*** Information supplied ***
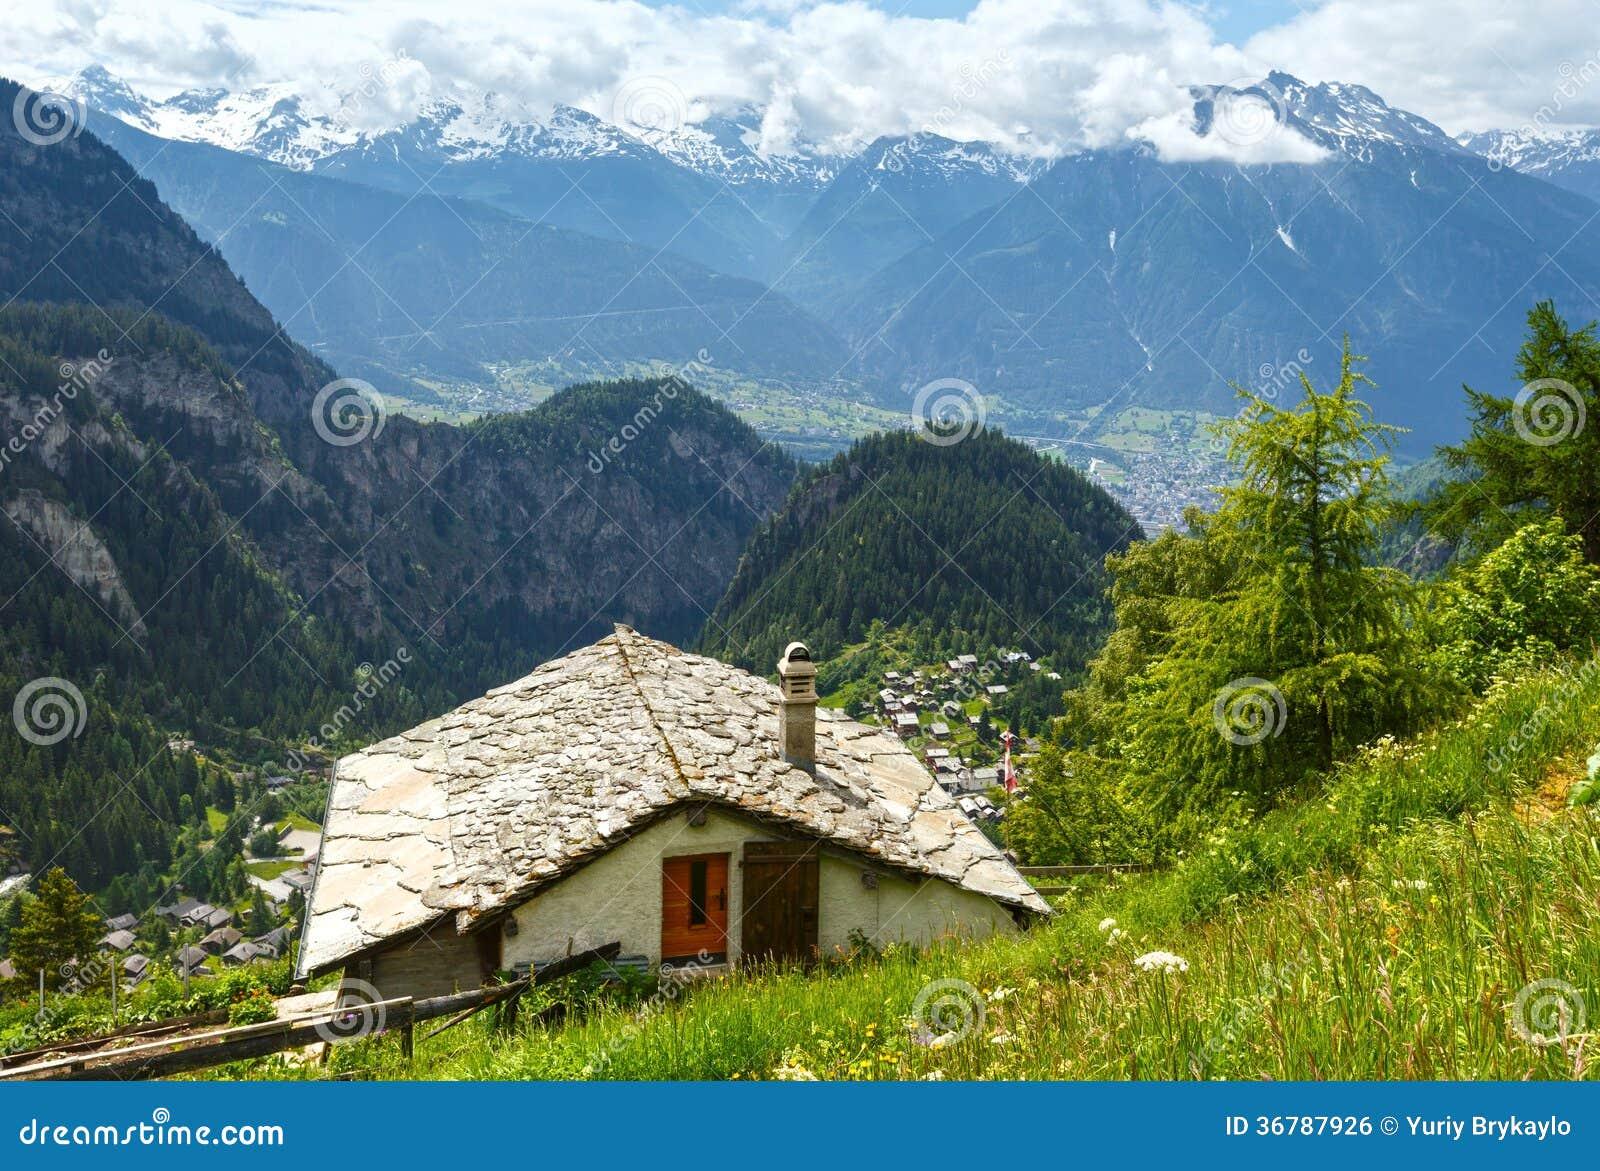 paysage de montagne d 39 t alpes suisse photo stock image du ciel sapin 36787926. Black Bedroom Furniture Sets. Home Design Ideas
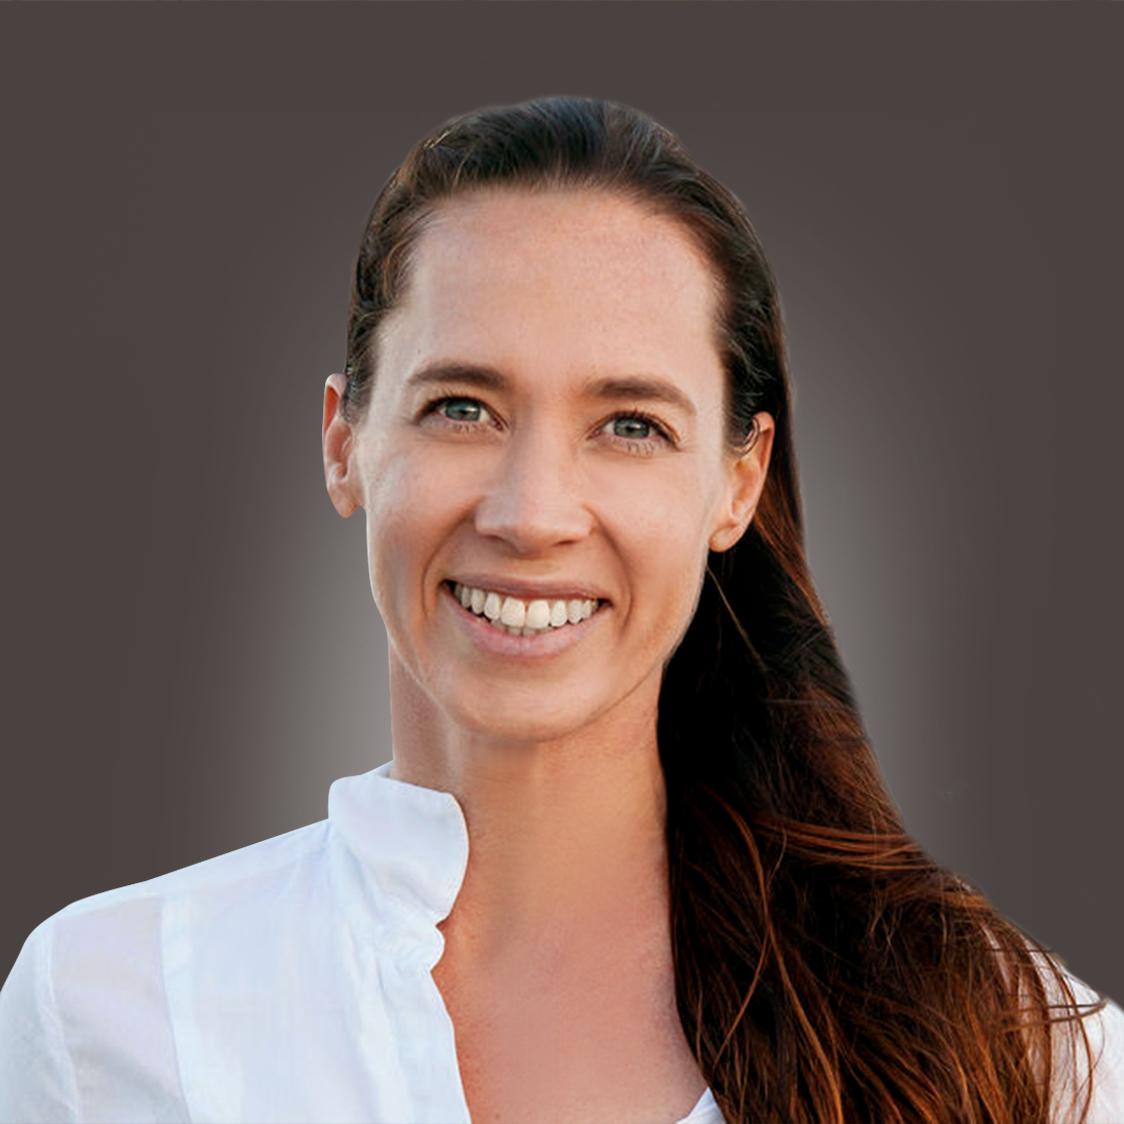 Michelle Gathercole
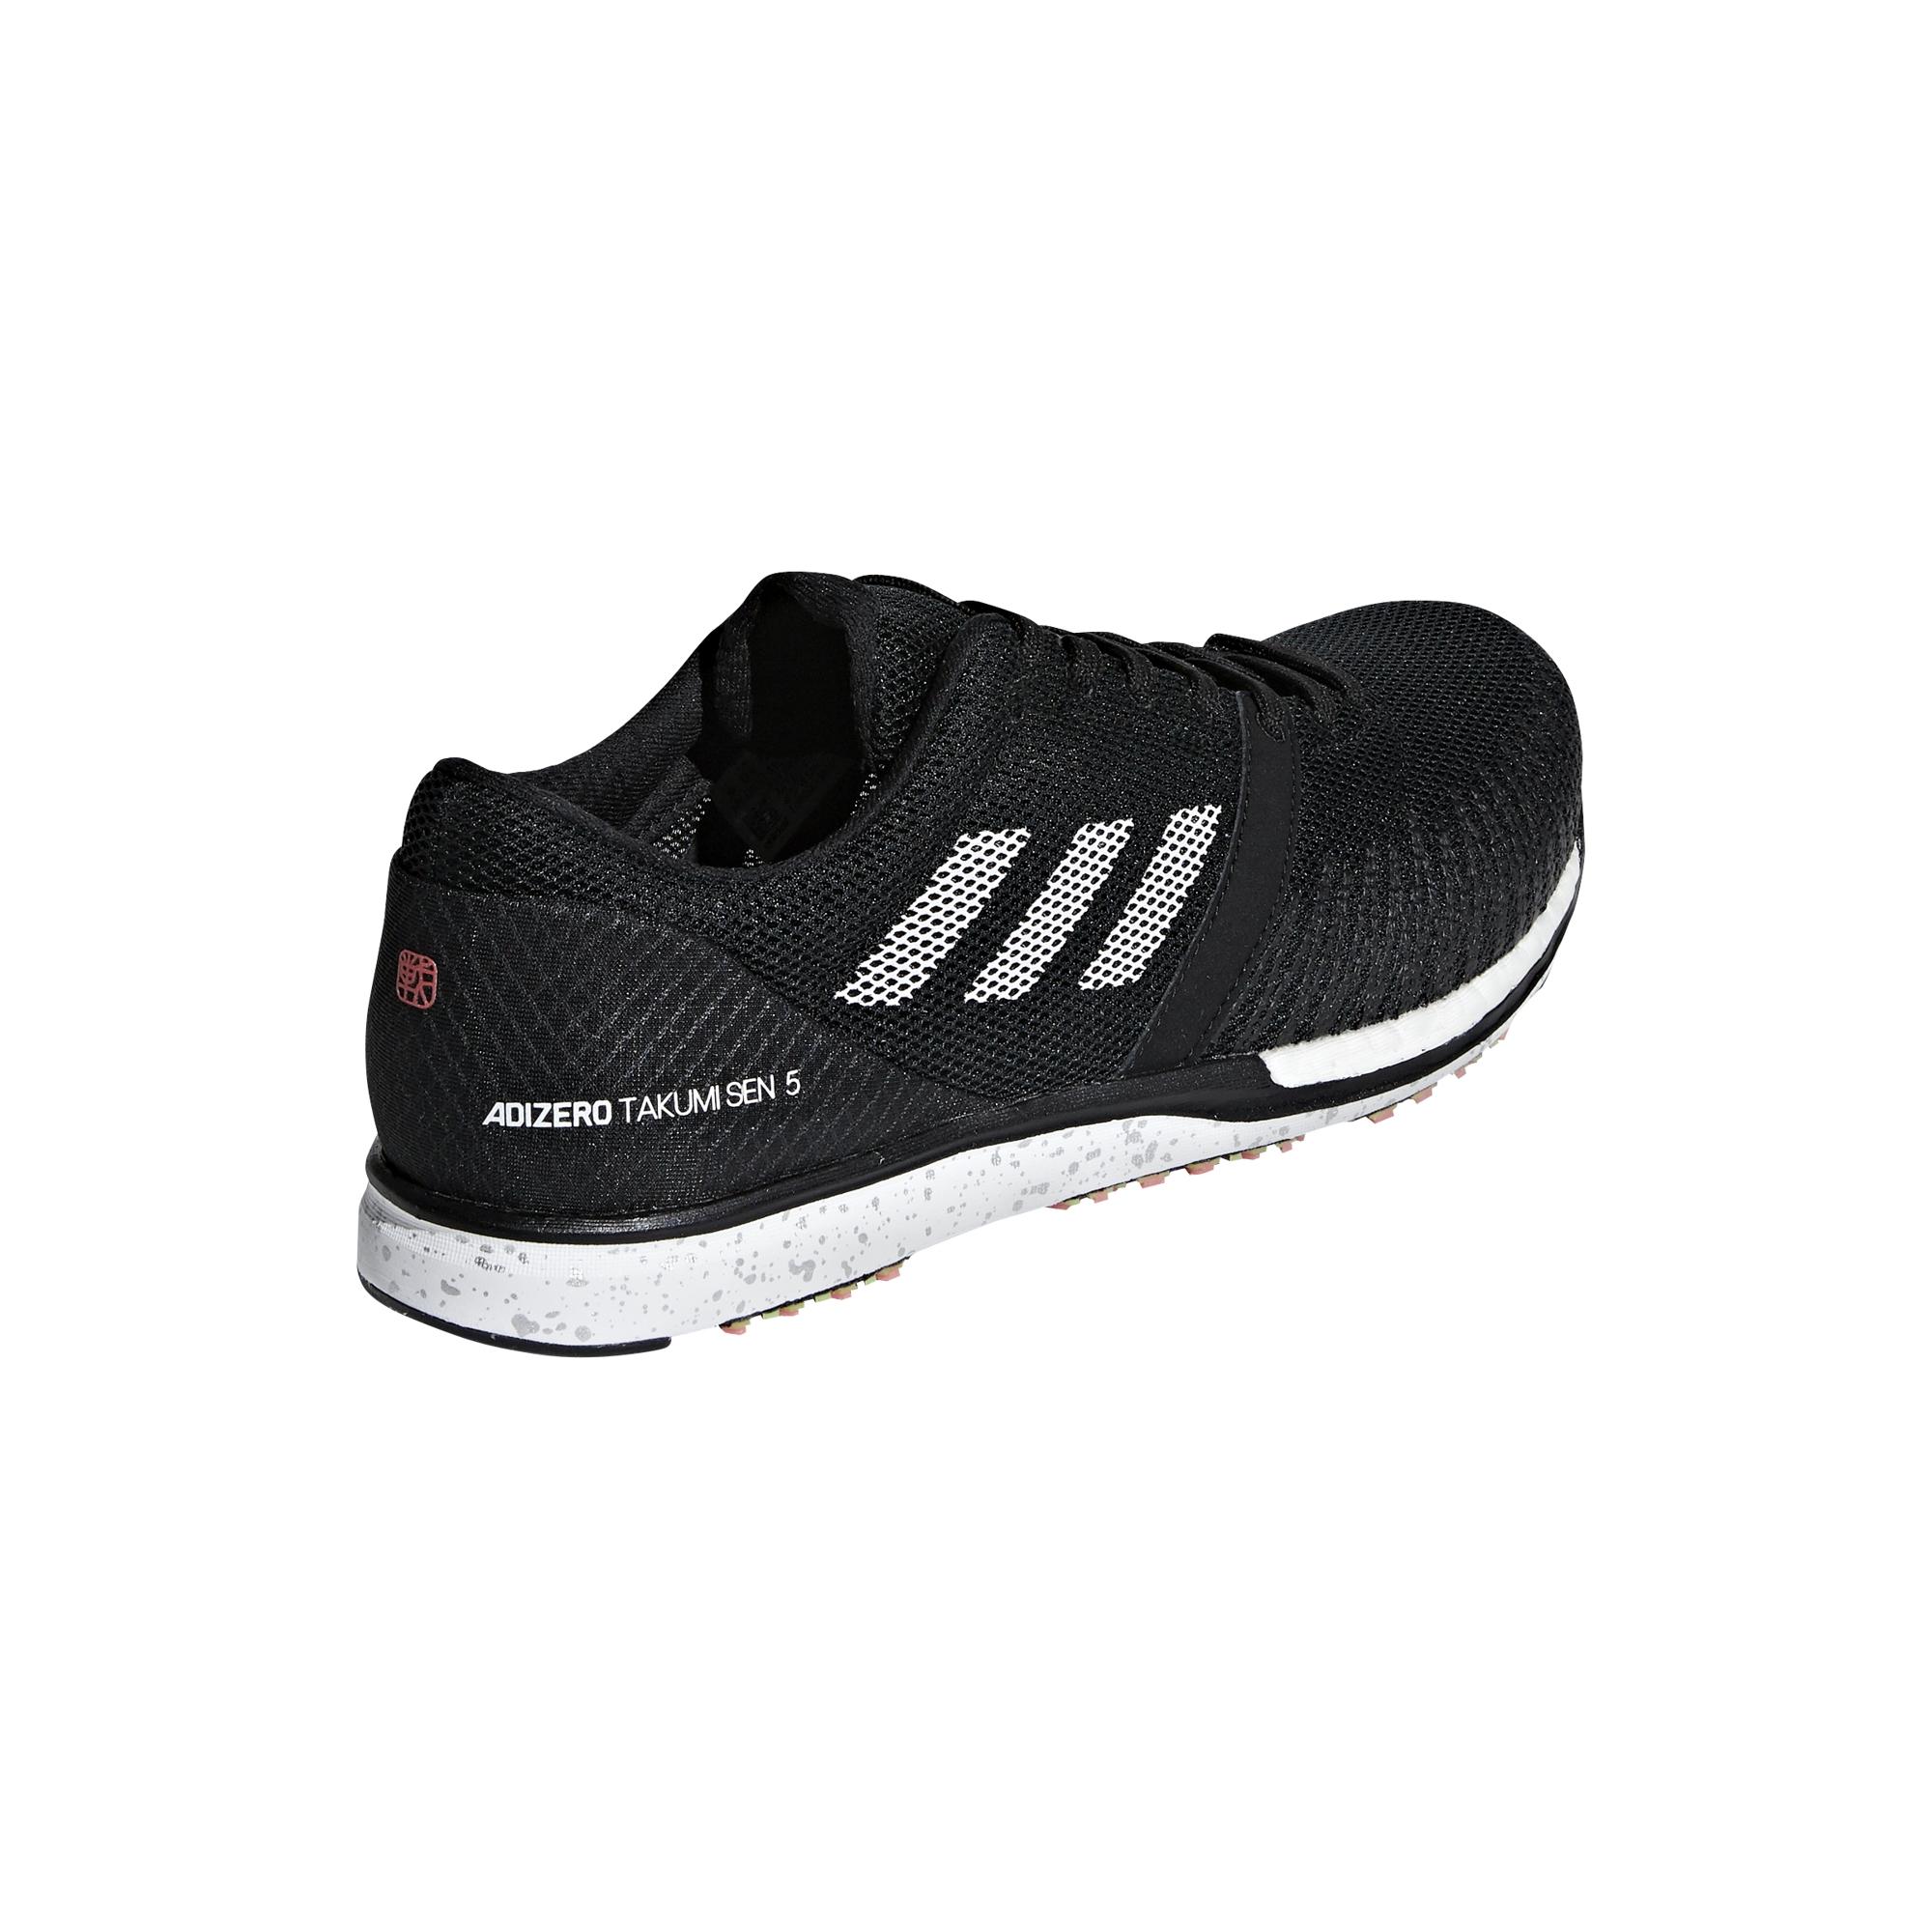 5bece07c8b4c Chaussures adidas Adizero Takumi Sen 5
*** End of Information supplied ***
• **Aim of the task**:
Starting from the line that contains "Michelle Gathercole", transcribe exactly each line down to the final line of the material above, excluding every picture and adding nothing else.

• **Solved problem**:
 Michelle Gathercole
 5bece07c8b4c Chaussures adidas Adizero Takumi Sen 5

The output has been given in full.